Liquid molecules are attracted to each other less than to solid molecules. As a result, the liquid tends to press against the surface and spreads over it. This is how mercury behaves zinc plate, water on clean glass or wood. In this case they say that the liquid wets surface.

The degree of wetting is characterized by the contact angle. The contact angle (or contact angle) is the angle formed by the tangent planes to the interfacial surfaces limiting the wetting liquid, and the apex of the angle lies on the line of separation of the three phases. Measured by the sessile drop method . In the case of powders, reliable methods give high degree reproducibility, has not yet been developed (as of 2008).
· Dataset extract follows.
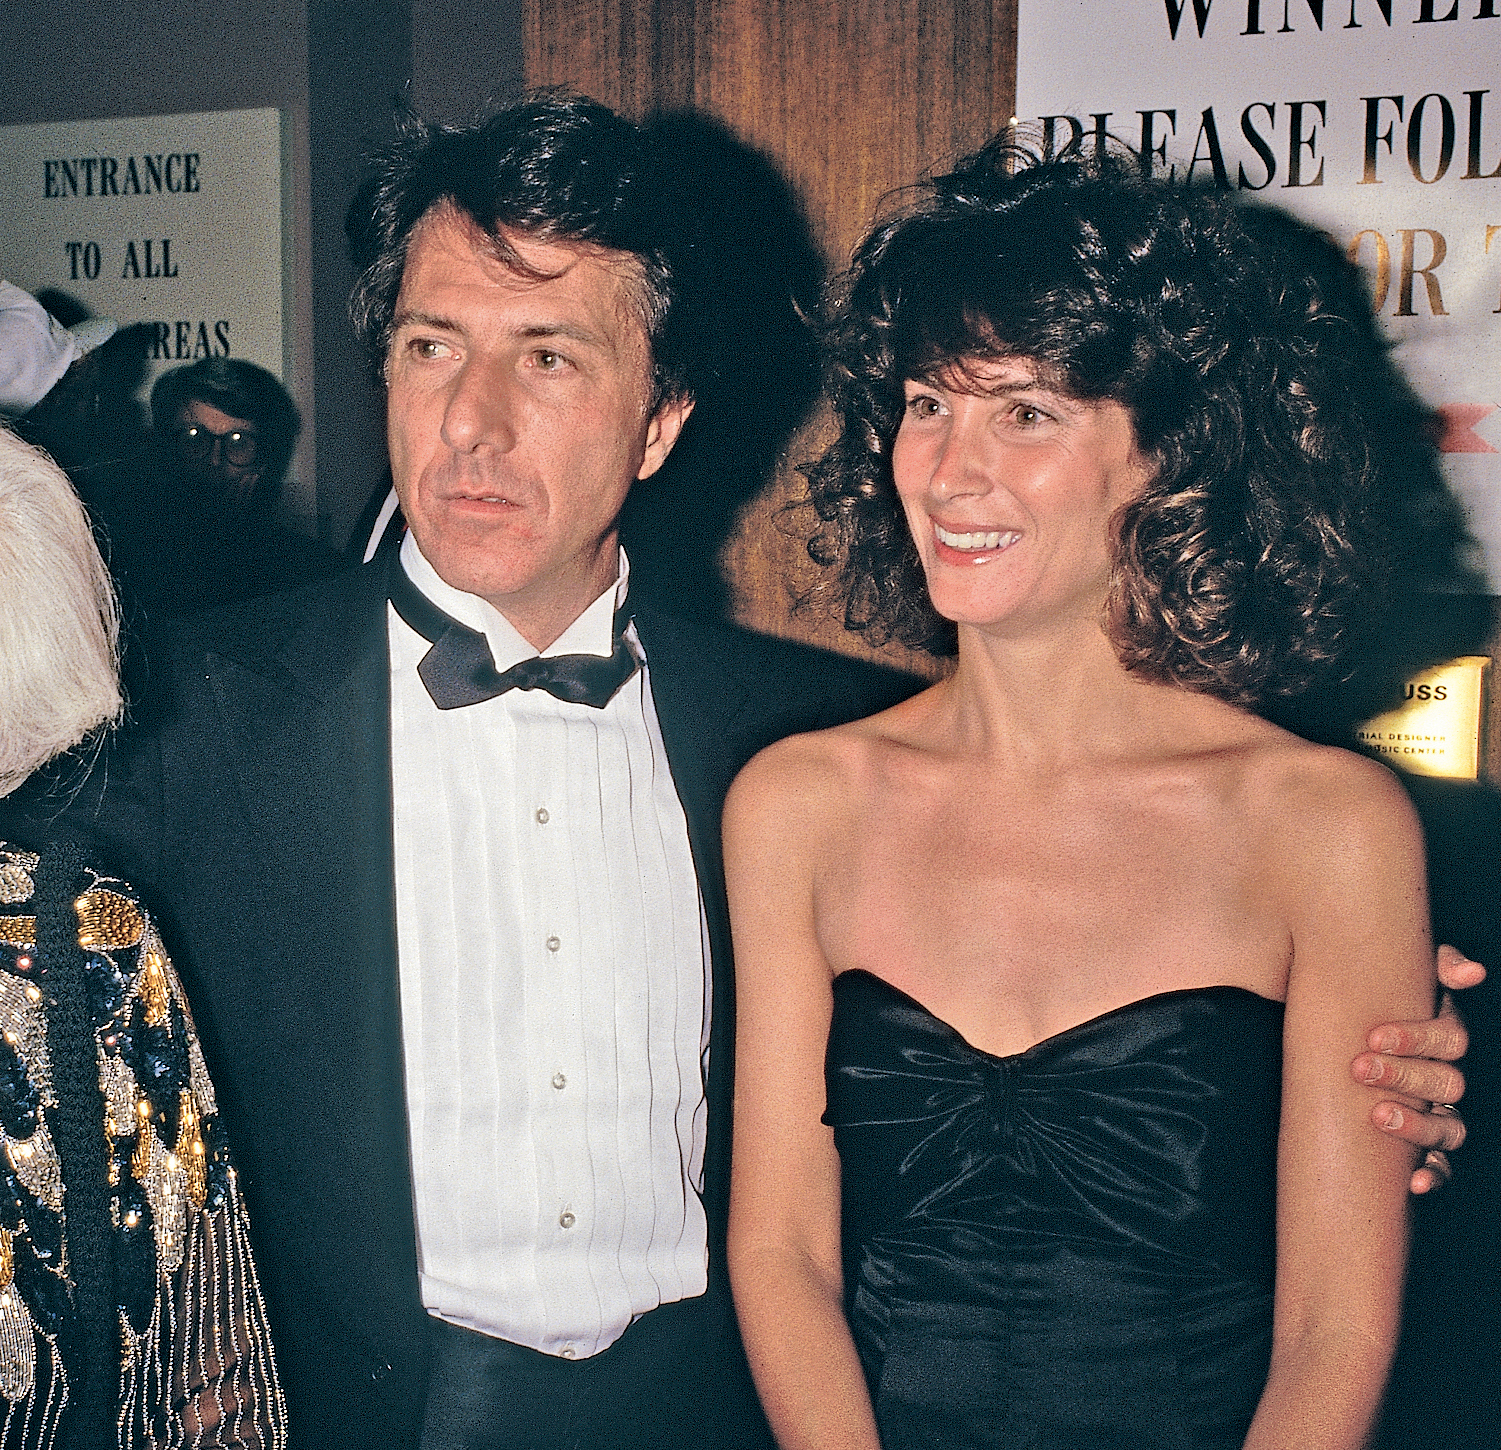 Der Schauspieler und die Frau bei der Oscarverleihung 1987. | Quelle: Getty Images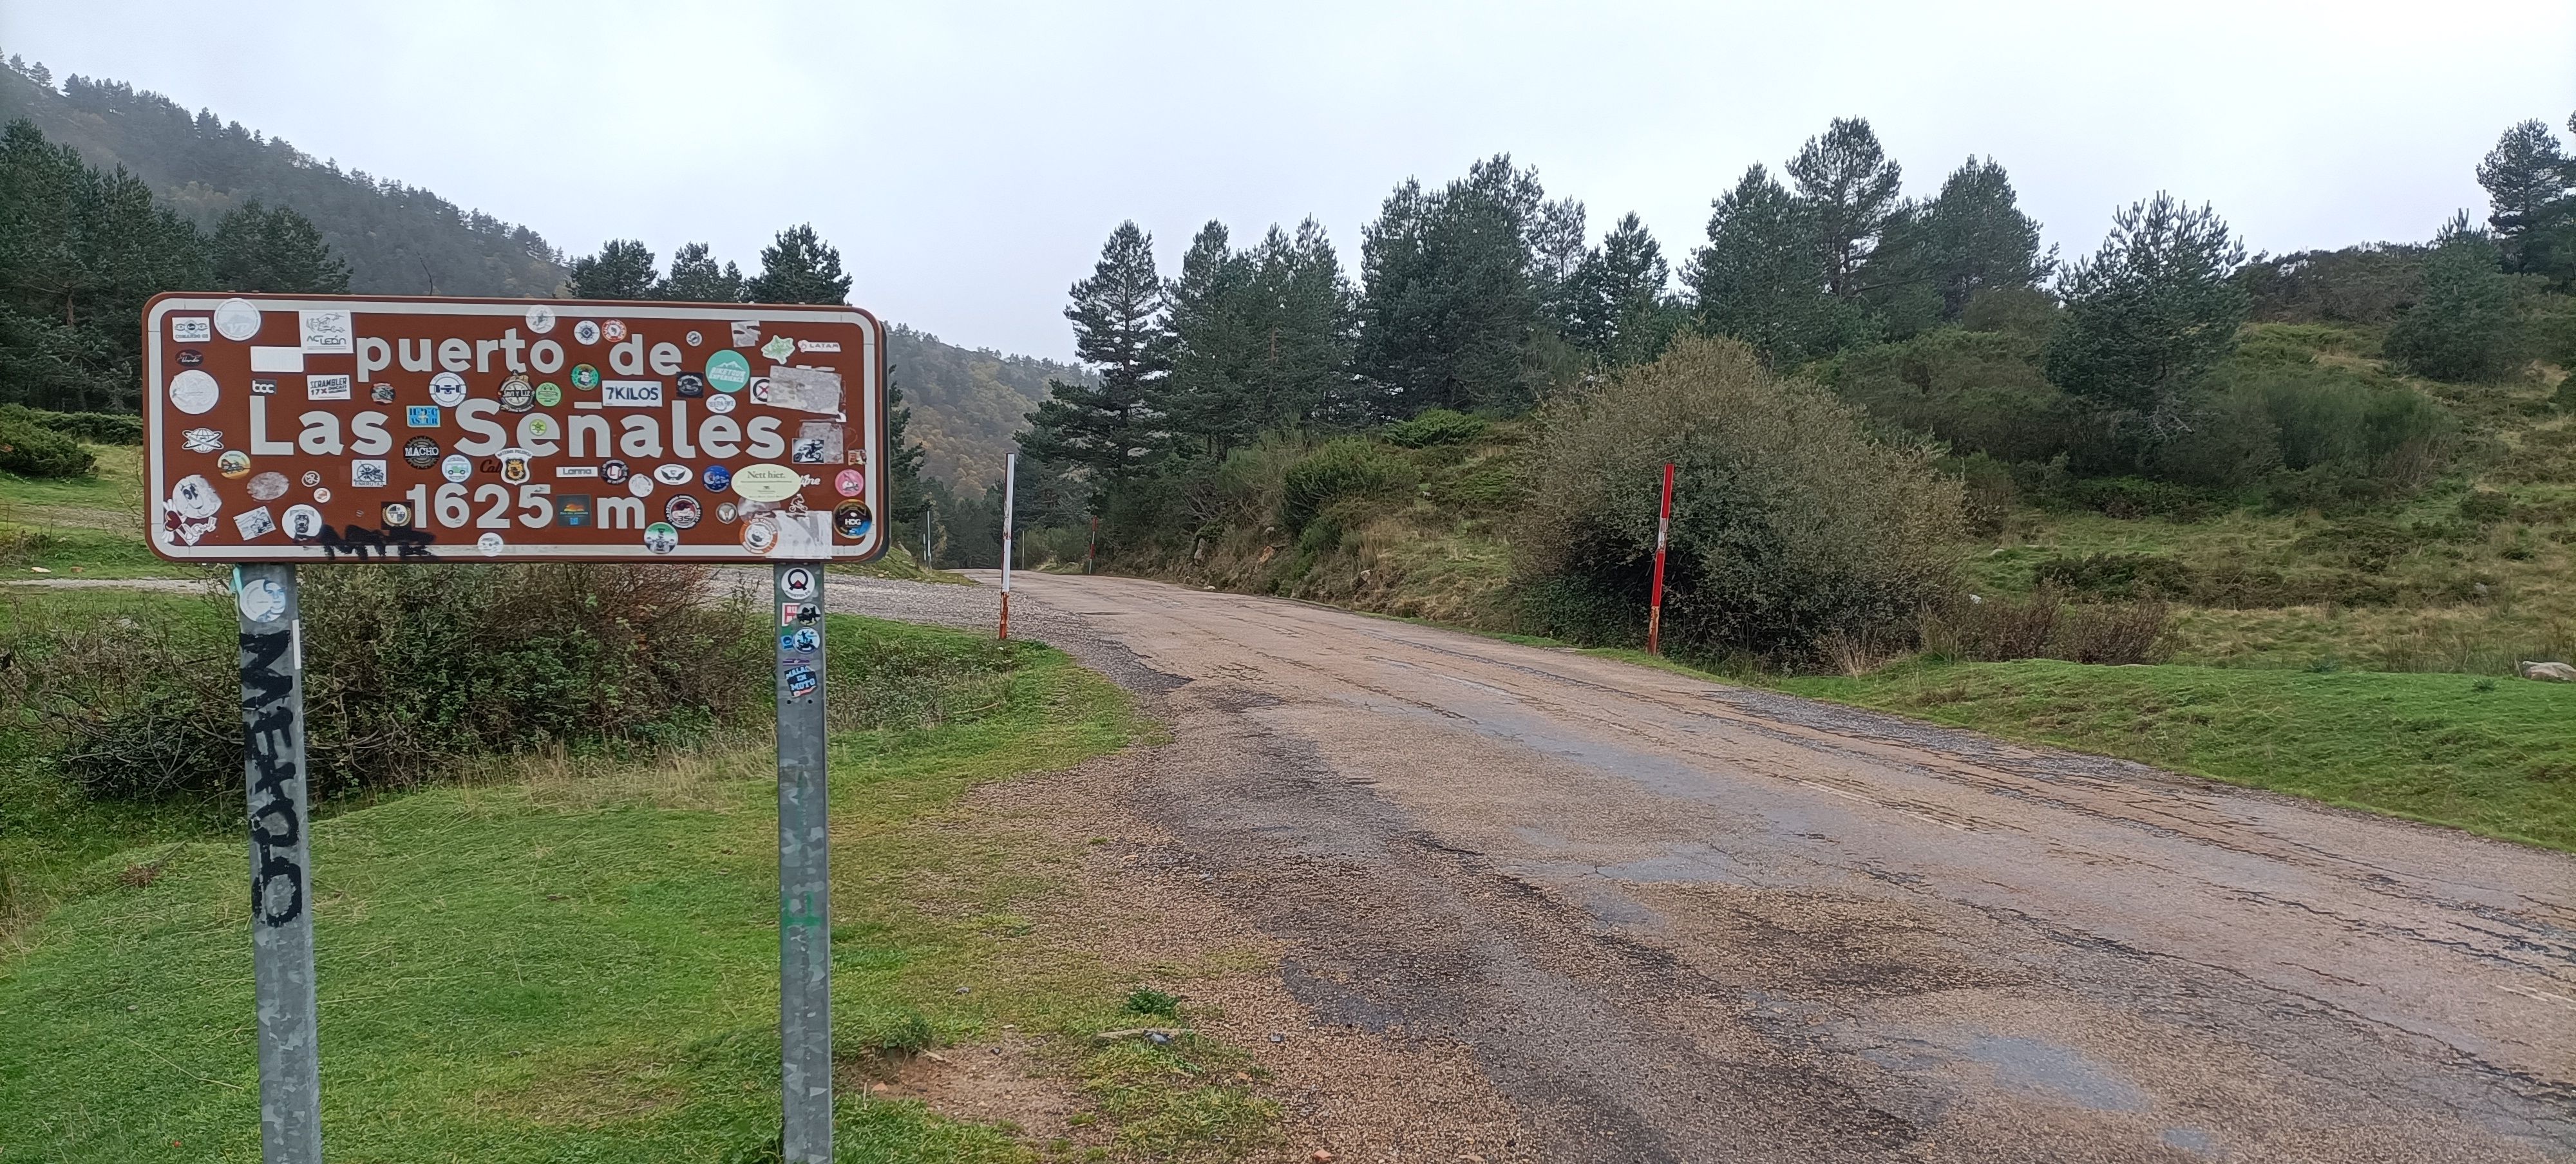 Estado de la carretera en el Puerto de las Señales.

A gravimetric method for determining the degree of wetting has been proposed, but it has not yet been standardized.

Measuring the degree of wetting is very important in many industries (paints, pharmaceuticals, cosmetics, etc.). For example, special coatings are applied to car windshields, which must be resistant to various types of pollution. The composition and physical properties of glass and contact lens coatings can be optimized based on contact angle measurements. .

For example, a popular method of increasing oil production by injecting water into a reservoir is based on the fact that water fills the pores and squeezes out oil. In the case of small pores and clean water this is far from true, so we have to add special Surfactant. Wettability assessment rocks when adding solutions of different compositions, it can be measured using various instruments.